Ninth Circuit Allows Project Applicants To Defend Their Projects Against NEPA Lawsuits

Author(s): Scott B. Birkey, Kenneth B. Bley, Andrew B. Sabey, Michael H. Zischke

Source: CCN Client Alert

1/14/2011

At long last, the Ninth Circuit has recognized that project applicants and others who have an interest in federal actions subject to a NEPA challenge may fully participate in the NEPA litigation. In Wilderness Society v. US Forest Service (Magic Valley Trail Machine Association as intervenor) an en banc decision handed down on January 14, 2011, the Ninth Circuit finally rectified what many had considered to be a grave anomaly in the basic notions of due process protection for project applicants whose federal approvals come under attack for alleged NEPA violations.

Historically, the Ninth Circuit had held that only the approving federal agency was a proper defendant in the action. So not only was the plaintiff freed from any obligation to name the project applicant as a defendant, but if the project applicant sought to intervene in the action to protect its valuable approvals, the court doors were closed to the applicant.

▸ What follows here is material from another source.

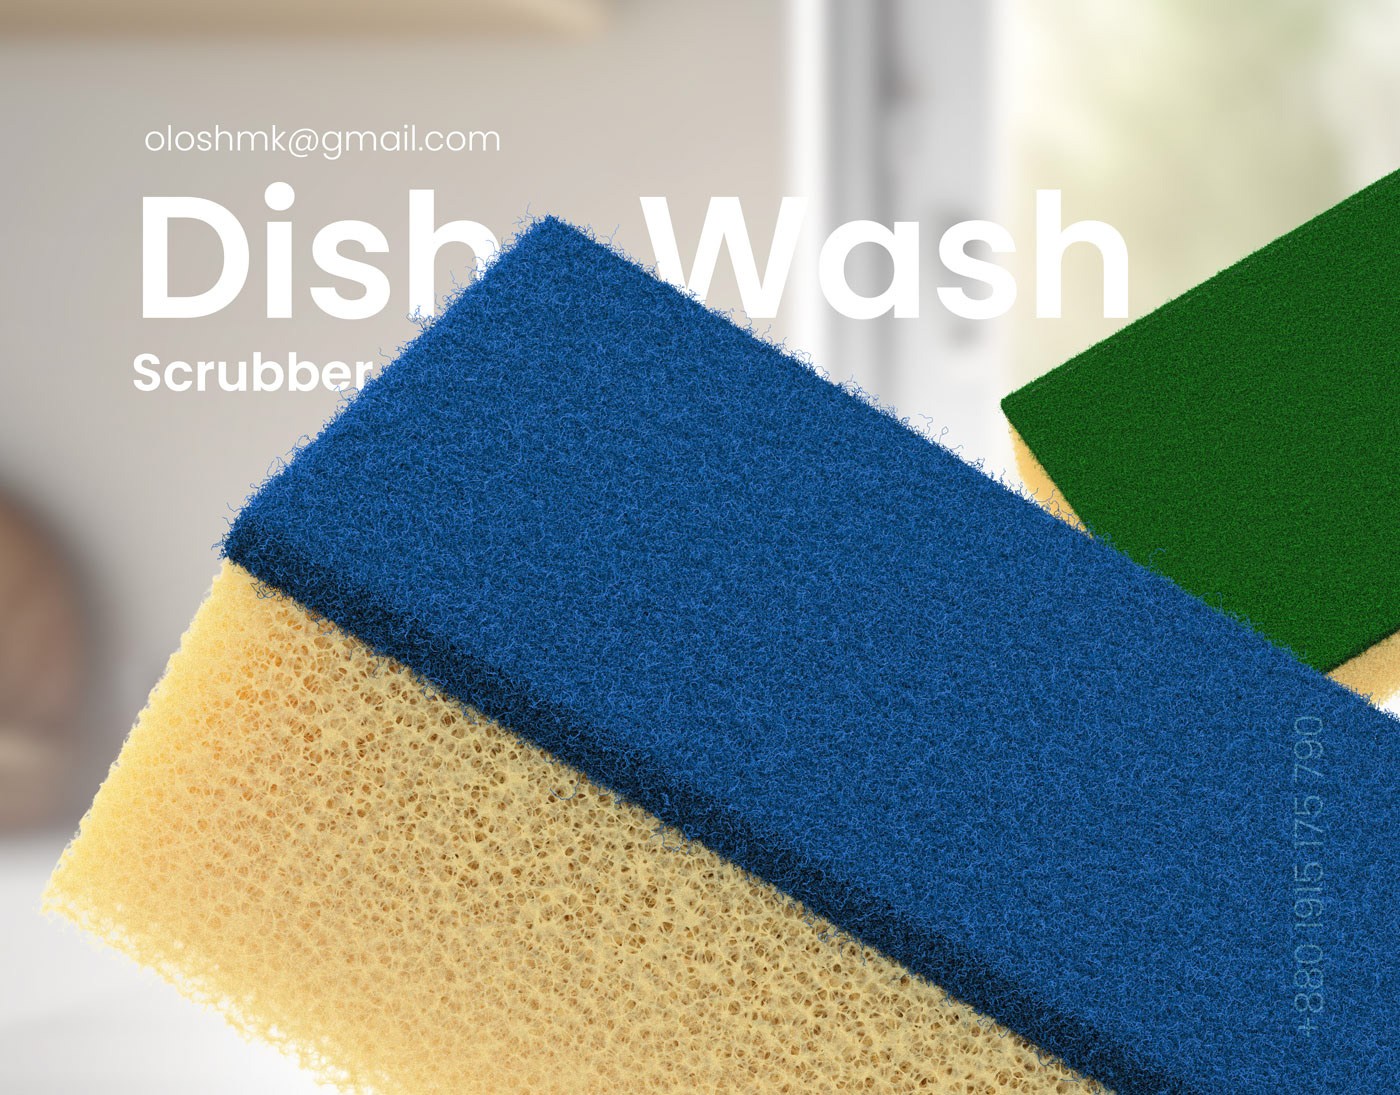 Scrubber cleaning dishwasher kitchen dishwashing clean dishes Dishes Design Scrubbers scrubbing

In California, this rule stood in stark contrast to CEQA litigation in state courts, in which the petitioners are legally obligated to name as real parties "any recipient of an approval that is the subject of an action." (Pub Res Code section 21167.6.5(a)). Indeed, a failure to timely name and serve a project applicant can lead to dismissal of a CEQA suit for failing to name indispensable parties in California state courts.

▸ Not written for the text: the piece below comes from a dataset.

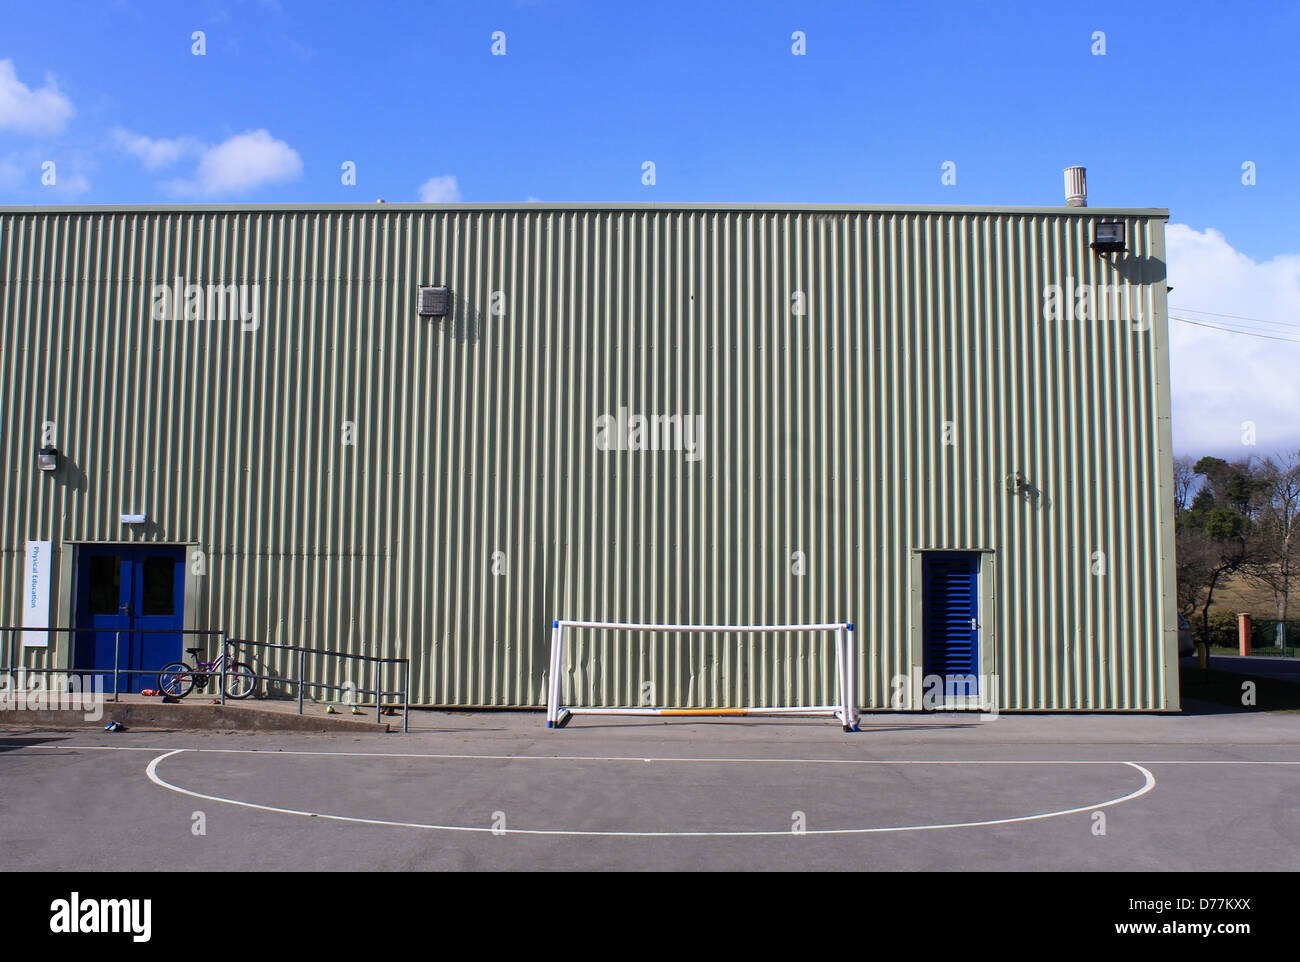 Exterieur der modernen Schule Sporthalle mit Ziel netto im Vordergrund. Stockfoto

The Ninth Circuit's new ruling means that when project applicants seek to intervene as defendants, "courts need no longer apply a categorical prohibition on intervention on the merits, or liability phase, of NEPA actions." Under the new ruling, "to determine whether a putative intervenor demonstrates the 'significantly protectable' interest necessary for intervention of right in a NEPA action, the operative inquiry should be, as in all cases, whether 'the interest is protectable under some law,' and whether “there is a relationship between the legally protected interest and the claims at issue.”

As the Ninth Circuit stated, an intervenor "will generally demonstrate a sufficient interest for intervention of right in a NEPA action, as in all cases, if it will suffer a practical impairment of its interests as a result of the pending litigation.”

This is a welcome change for any project applicant who has been forced to stand on the sidelines and watch as a federal approval is set aside by a court. This new standard will also benefit the judiciary because project applicants who have an economic stake in the case before the court will often be able to contribute substantively to the quality of the legal analysis and advocacy before the court.